The Lakers finished 17-65 last season, a franchise low in the last year of Kobe Bryant's two-decade run with the franchise.
Johnson's return made Jim Buss' departure seem quite likely, particularly given Jim Buss' vow several years ago to leave the franchise if they weren't in contention for a Western Conference title by this year or next.
But Jeanie Buss still picked a dramatic way to end this family business' years of tradition.
Johnson has never been a decision-making NBA executive, but he has been a successful businessman and investor since his playing career ended. He also briefly coached the Lakers, but dropped his ceremonial title as a team vice president last June after his frequent public criticisms of Jim Buss and former coaches. He also sold his ownership stake in 2010.
"Since 1979, I've been a part of the Laker Nation, and I'm passionate about this organization," Johnson said in a statement. "I will do everything I can to build a winning culture on and off the court. We have a great coach in Luke Walton and good young players. We will work tirelessly to return our Los Angeles Lakers to NBA champions."
The departure of Kupchak is even more dramatic: The former Lakers center had worked with West and Jim Buss in relative harmony for years with the tradition-bound Lakers. Kupchak had been employed by the Lakers in some capacity since August 1981.
The Lakers' recent ineptitude didn't hurt their place as Los Angeles' most beloved sports franchise and a worldwide brand, but Jeanie Buss finally tired of the apparent lack of progress.
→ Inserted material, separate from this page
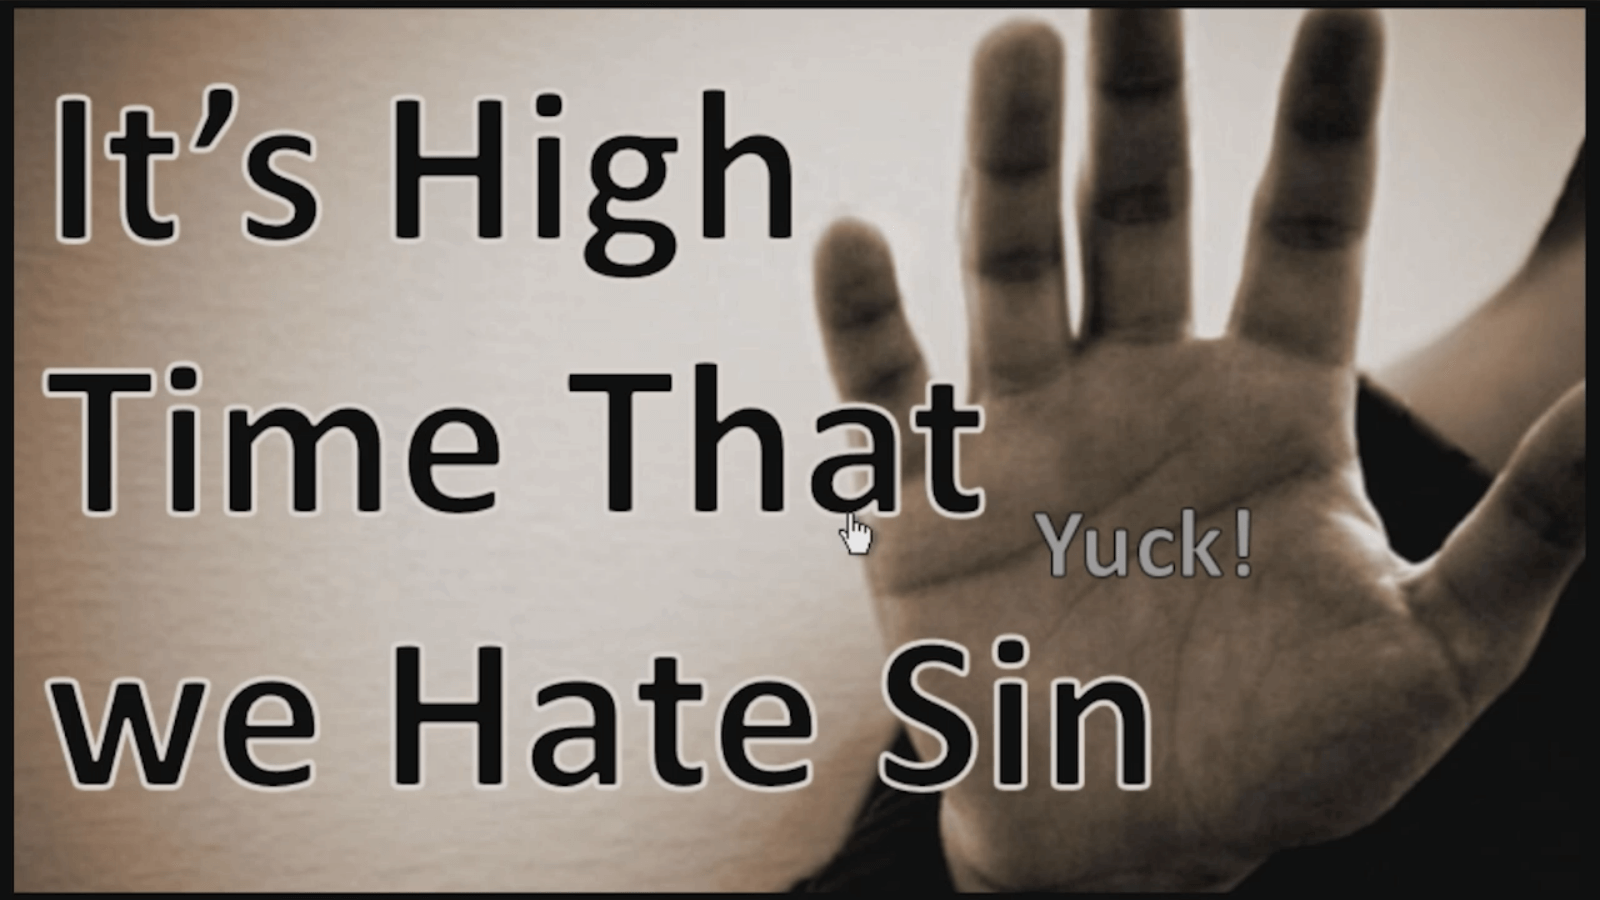 It’s High Time that we Hate Sin

The Lakers have a talented young core with D'Angelo Russell, Julius Randle, Brandon Ingram and Jordan Clarkson, but haven't been able to translate that potential into wins despite playing an exciting style under Walton.
The Lakers also parted ways with longtime top public relations executive John Black.
The Lakers return from the All-Star break on Friday at Oklahoma City. They face San Antonio at Staples Center on Sunday.